Selain itu, pemerintah daerah juga perlu kawasan industri, niaga, hotel, jasa kargo serta infrastruktur lainnya dalam menopang pertumbuhan ekonomi dan penduduk agar tercipta lapangan pekerjaan baru.
"Sehingga pemerintah daerah turut andil dalam penyediaan ruang," lanjutnya.
Maesyal juga mengatakan dengan terbukanya lapangan kerja baru dan industri berkembang, maka dibutuhkan pula infrastruktur jalan untuk mengatasi kemacetan terutama di wilayah Pantura.
Perkembangan itu kata Maesyal harus direspons cepat, termasuk adanya perubahan tata ruang di wilayah tersebut. "Perubahan Tata Ruang Wilayah Kabupaten Tangerang saat ini berjalan sesuai koridor dan disesuaikan dengan perkembangan Ibu Kota Negara, Jakarta karena jaraknya berdekatan," jelas Maesyal.
Menyangkut tata ruang, kuasa hukum Pemkab Tangerang Deden Syuqron memastikan pembangunan yang ada di Kabupaten Tangerang saat ini sudah sesuai peruntukan, dan mengacu kepada peraturan daerah yang ada yakni Perda nomor 13 tahun 2011 tentang rencana tata ruang wilayah (RTRW) Kabupaten Tangerang 2011-2031. Hal ini diperkuat oleh Perda nomor 5 tahun 2017 Pemerintah Provinsi Banten tentang perubahan atas Perda Provinsi Banten No 2 Tahun 2011 tentang Rencana Tata Ruang Wilayah Provinsi Banten Tahun 2010-2030.
Deden juga menyatakan secara yuridis, alih fungsi lahan hanya terjadi apabila telah ditetapkan sebelumnya dalam Perda/Perbup sebagai Lahan Pertanian Pangan Berkelanjutan. Karenanya di Kabupaten Tangerang tidak dapat dikualifikasi adanya alih fungsi lahan dari pertanian ke industri atau perumahan.
"Bagaimana ada alih fungsi lahan kalau Pemkab belum menetapkan Lahan Pertanian Pangan Berkelanjutan.
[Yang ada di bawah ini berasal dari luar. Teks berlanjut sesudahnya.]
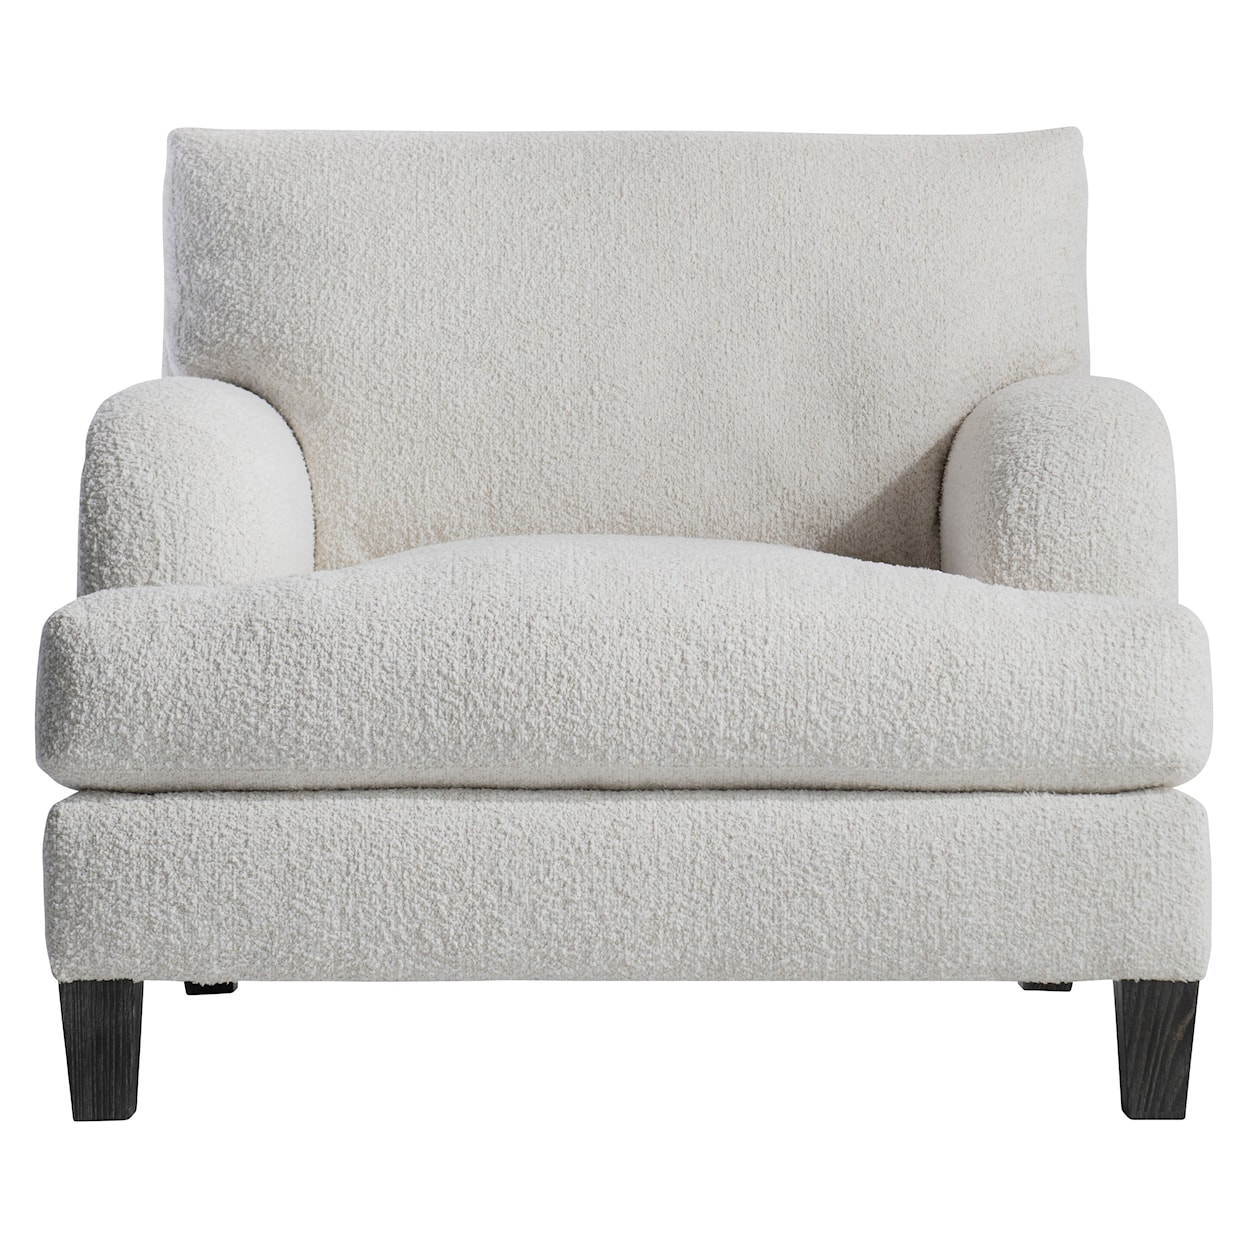 Bernhardt Bernhardt Living Ariel Fabric Chair Without Pillows

Yang benar adalah telah adanya perubahan tata ruang dari peruntukan ruang pertanian menjadi peruntukan non-pertanian, dari peruntukan ruang industri menjadi perumahan dan lain-lain," beber Deden.
Kenapa belum ditetapkan karena kata Deden Kabupaten Tangerang ini secara geografis dekat dengan ibu kota negara dan masuk kawasan strategis Tata Ruang Jakarta, Bogor, Depok, Tangerang, Bekasi, Puncak dan Cianjur (Jabodetabekpunjur).
Jadi payung hukum dalam mengelola tata ruang adalah Peraturan daerah Kabupaten Tangerang nomor 13 tahun 2011 tentang RTRW 2011-20131, Peraturan daerah nomor 5 tahun 2017 tentang perubahan atas Perda Provinsi Banten nomor 2 tahun 2011. Di atas lagi adalah Peraturan Presiden Nomor 54 tahun 2008 tentang penataan ruang kawasan Jabodetabekpunjur.
"Karena kekhususan Kabupaten Tangerang itu maka kami akomodatif dengan keutuhan ruang bagi program strategis nasional, karenanya tidak gegabah dalam menetapkan Lahan Pertanian Pangan Berkelanjutan. Nanti sudah ditetapkan, kemudian ternyata secara nasional ada perubahan dan kebutuhan ruang untuk proyek strategis nasional, maka Perda/Perbup menjadi bertentangan dengan Revisi Perpres Jabodetabekpunjur. Kalau negara yang minta kami harus siap," kata Deden.
Sementara itu, Kepala Dinas Penanaman Modal dan Pelayanan Terpadu Satu Pintu Kabupaten Tangerang Nono Sudarno mengatakan, saat ini sudah ada puluhan perusahaan yang mengajukan izin lokasi pengembangan kawasan khususnya di wilayah utara Tangerang. "Semuanya kami akomodir dan dilayani dengan baik," tuturnya.
Nono memastikan perizinan yang telah diterbitkan sesuai ketentuan berlaku. Seperti yang sudah ada saat ini yakni Kawasan Angkasa Land, Kawasan Laksana Business Park dan Pantai Indah Kapuk 2.